Top of DATA BLOCK
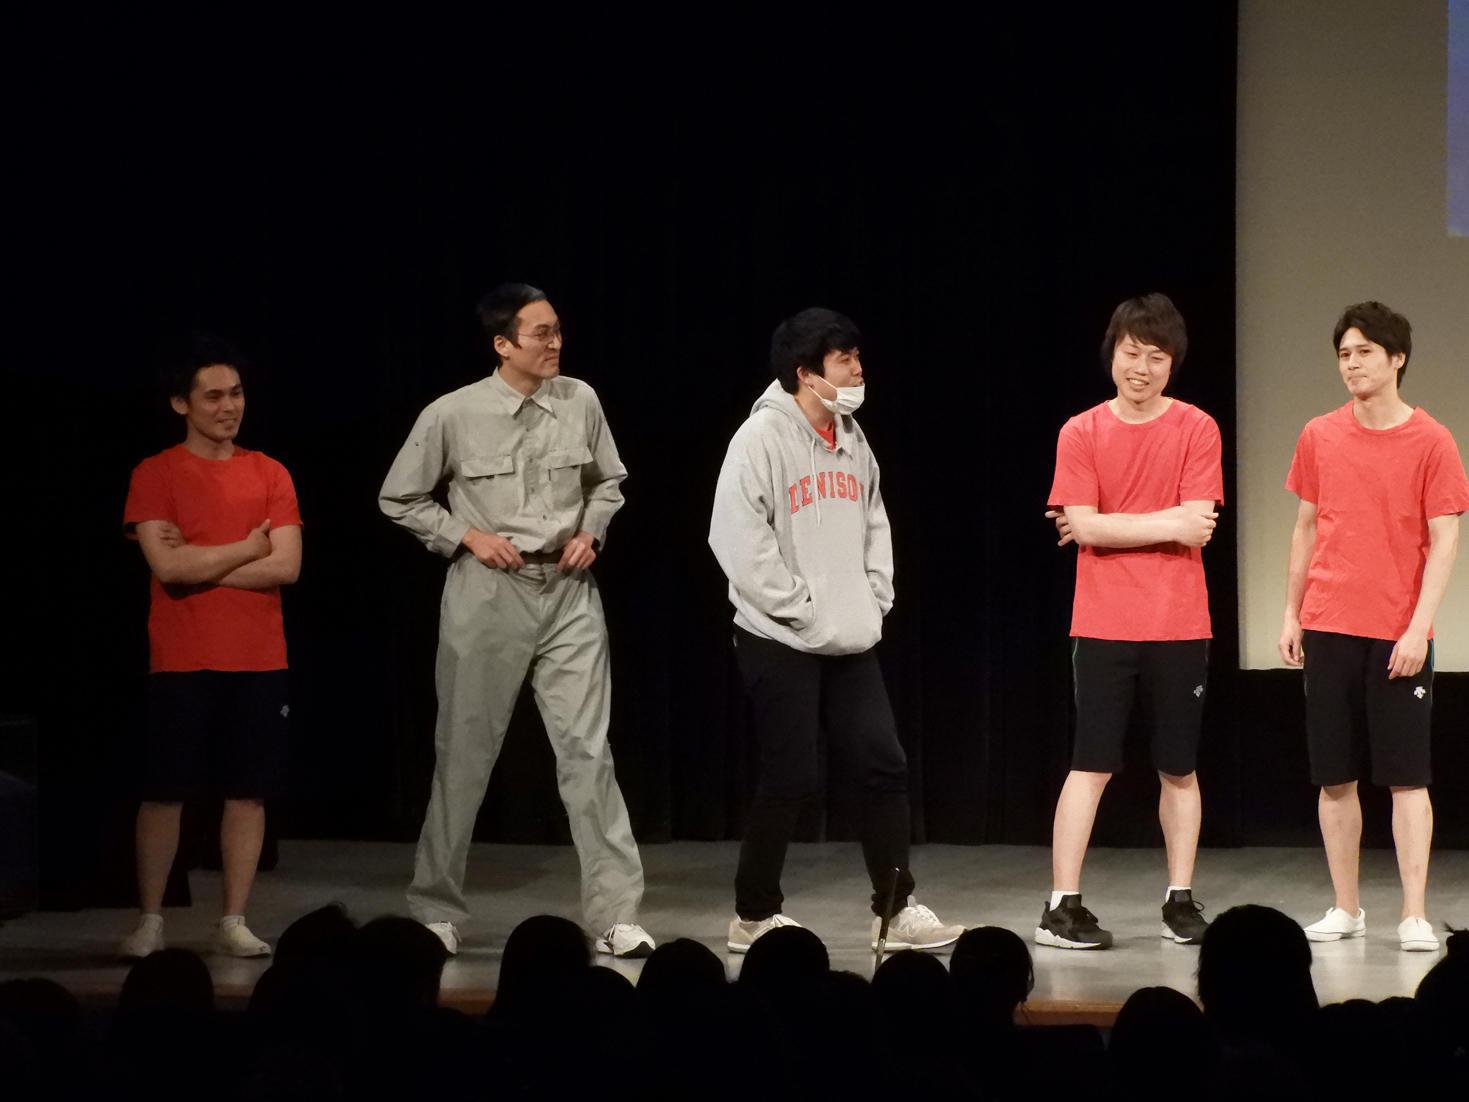 http://news.yoshimoto.co.jp/20180404103312-faec26551b836c4e4efdbddafbf175c0df8e1049.jpg
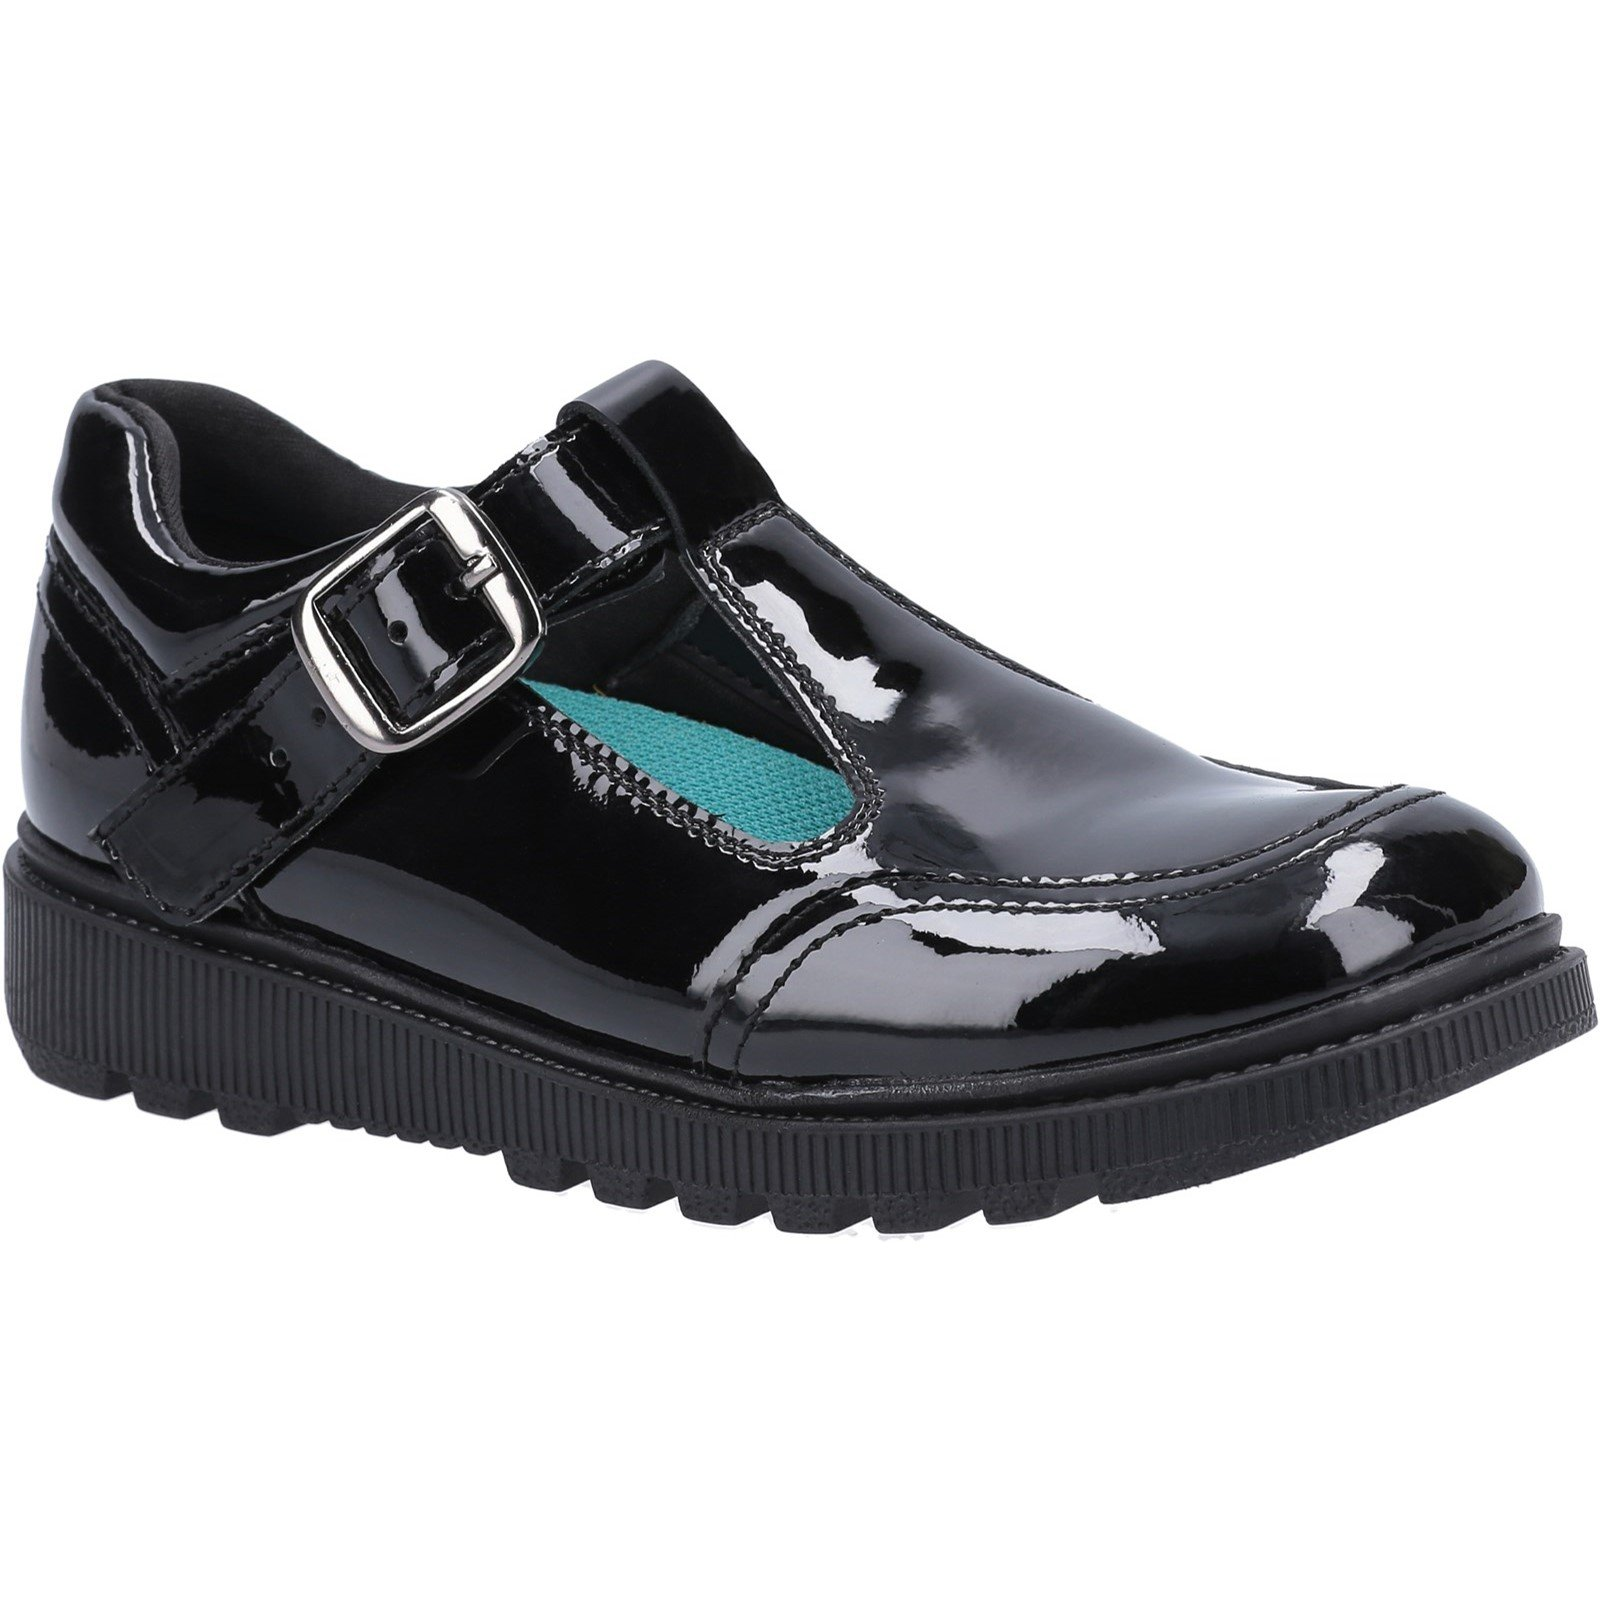 Hush Puppies Kid's Kerry Senior School Shoe Patent Black 30820 - Patent Black 5
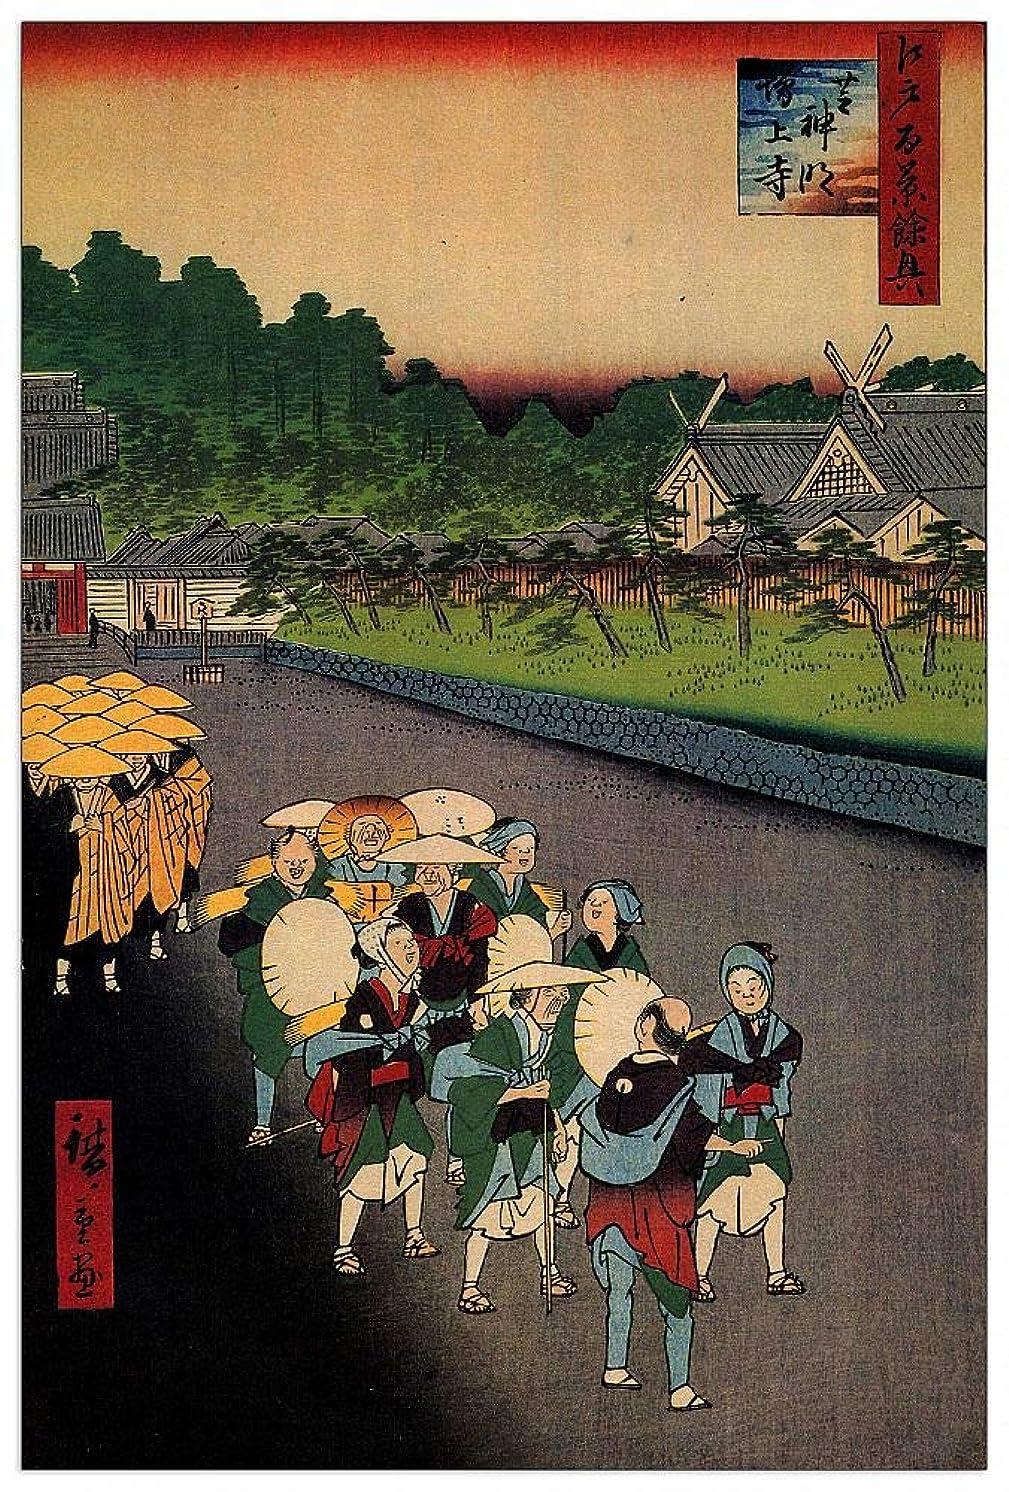 ArtPlaza TW92956 Hiroshige Utagawa - Shiba Shinmei Shrine Decorative Panel 27.5x39.5 Inch Multicolored
Bottom of DATA BLOCK
TASK INSTRUCTIONS – Repeat the material exactly. Skip the images.

SOLUTION TO THE EXERCISE –
 http://news.yoshimoto.co.jp/20180404103312-faec26551b836c4e4efdbddafbf175c0df8e1049.jpg
 Hush Puppies Kid's Kerry Senior School Shoe Patent Black 30820 - Patent Black 5
 ArtPlaza TW92956 Hiroshige Utagawa - Shiba Shinmei Shrine Decorative Panel 27.5x39.5 Inch Multicolored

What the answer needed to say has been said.